Apply smoothing to reduce noise.

```python
smoothed = nk.signal_smooth(signal, method='convolution', kernel='boxzen', size=10)
```

**Methods:**
- `'convolution'`: Apply kernel (boxcar, Gaussian, etc.)
- `'median'`: Median filter (robust to outliers)
- `'savgol'`: Savitzky-Golay filter (preserves peaks)
- `'loess'`: Locally weighted regression

**Kernel types (for convolution):**
- `'boxcar'`: Simple moving average
- `'gaussian'`: Gaussian-weighted average
- `'hann'`, `'hamming'`, `'blackman'`: Windowing functions

**Use cases:**
- Noise reduction
- Trend extraction
- Visualization enhancement

### signal_timefrequency()

Time-frequency representation (spectrogram).

```python
tf, time, freq = nk.signal_timefrequency(signal, sampling_rate=1000, method='stft',
                                        max_frequency=50, show=False)
```

**Methods:**
- `'stft'`: Short-Time Fourier Transform
- `'cwt'`: Continuous Wavelet Transform

**Returns:**
- `tf`: Time-frequency matrix (power at each time-frequency point)
- `time`: Time bins
- `freq`: Frequency bins

**Use cases:**
- Non-stationary signal analysis
- Time-varying frequency content
- EEG/MEG time-frequency analysis

## Simulation

### signal_simulate()

Generate various synthetic signals for testing.

```python
signal = nk.signal_simulate(duration=10, sampling_rate=1000, frequency=[5, 10],
                            amplitude=[1.0, 0.5], noise=0.1)
```

**Signal types:**
- Sinusoidal oscillations (specify frequencies)
- Multiple frequency components
- Gaussian noise
- Combinations

**Use cases:**
- Algorithm testing
- Method validation
- Educational demonstrations

## Visualization

### signal_plot()

Visualize signal and optional markers.

```python
nk.signal_plot(signal, sampling_rate=1000, peaks=None, show=True)
```

**Features:**
- Time axis in seconds
- Peak markers
- Multiple subplots for signal arrays

## Practical Tips

**Choosing filter parameters:**
- **Lowcut**: Set below lowest frequency of interest
- **Highcut**: Set above highest frequency of interest
- **Order**: Start with 2-5, increase if transition too slow
- **Method**: Butterworth is safe default

**Handling edge effects:**
- Filtering introduces artifacts at signal edges
- Pad signal before filtering, then trim
- Or discard initial/final seconds

**Dealing with gaps:**
- Small gaps: `signal_fillmissing()` with interpolation
- Large gaps: Segment signal, analyze separately
- Mark gaps as NaN, use interpolation carefully

**Combining operations:**
```python
# Typical preprocessing pipeline
signal = nk.signal_sanitize(raw_signal)  # Remove invalid values
signal = nk.signal_filter(signal, sampling_rate=1000, lowcut=0.5, highcut=40)  # Bandpass
signal = nk.signal_detrend(signal, method='polynomial', order=1)  # Remove linear trend
```

**Performance considerations:**
- Filtering: FFT-based methods faster for long signals
- Resampling: Downsample early in pipeline to speed up
- Large datasets: Process in chunks if memory-limited

## References

- Virtanen, P., et al. (2020).
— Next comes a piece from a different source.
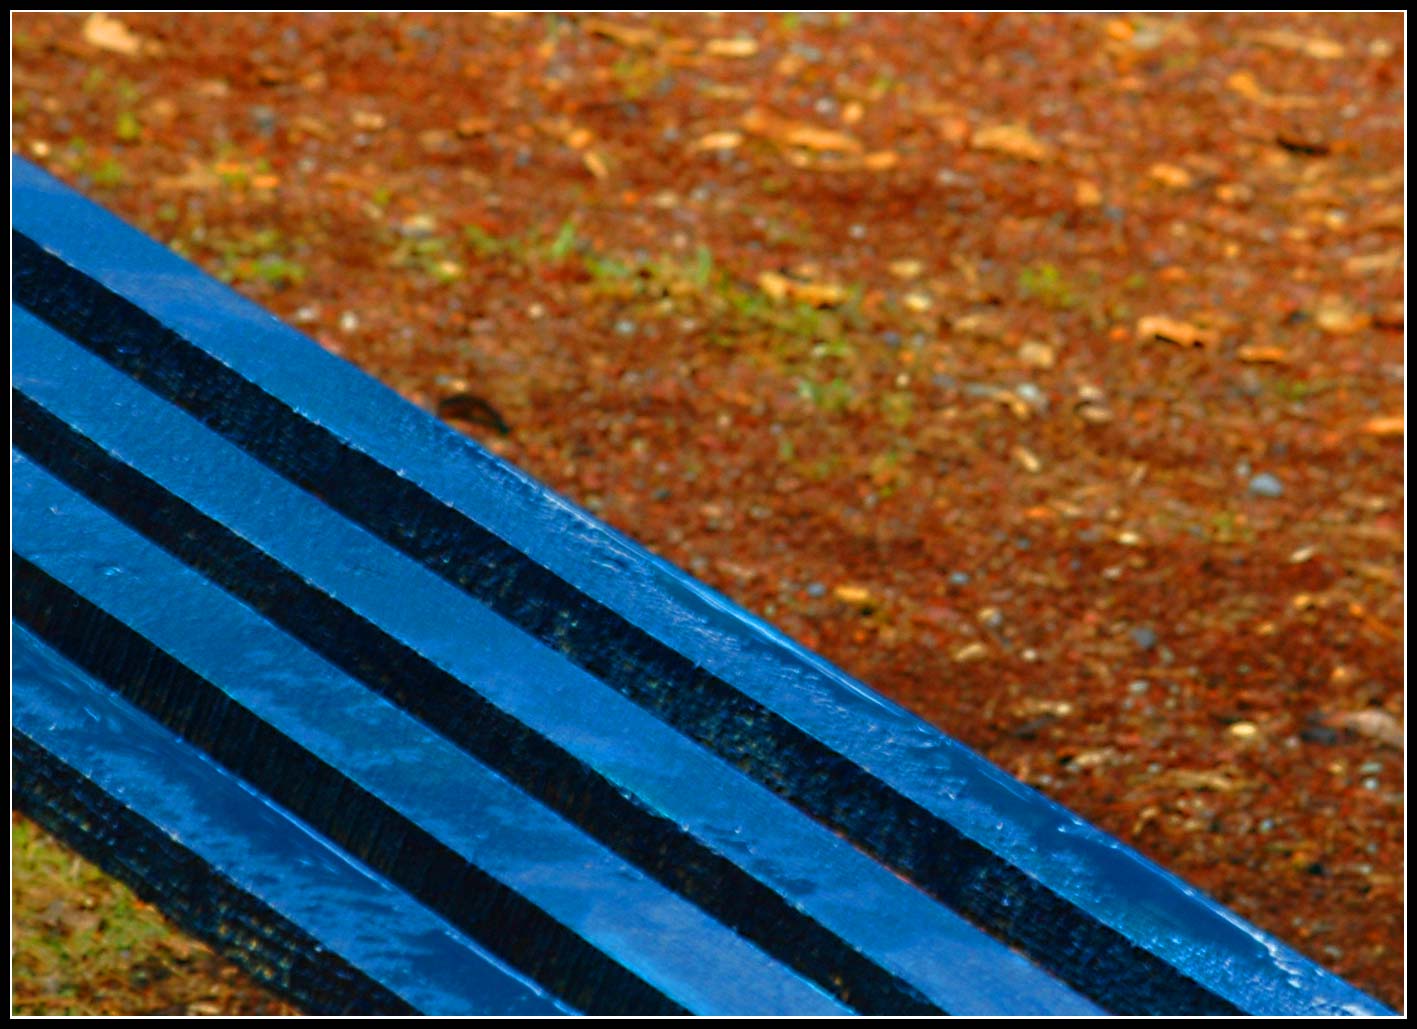 Blue bench, Bench, Blue, Contrast, Dirt, HQ Photo

SciPy 1.0: fundamental algorithms for scientific computing in Python. Nature methods, 17(3), 261-272.
- Tarvainen, M. P., Ranta-aho, P. O., & Karjalainen, P. A. (2002). An advanced detrending method with application to HRV analysis. IEEE Transactions on Biomedical Engineering, 49(2), 172-175.
- Huang, N. E., et al. (1998). The empirical mode decomposition and the Hilbert spectrum for nonlinear and non-stationary time series analysis. Proceedings of the Royal Society of London A, 454(1971), 903-995.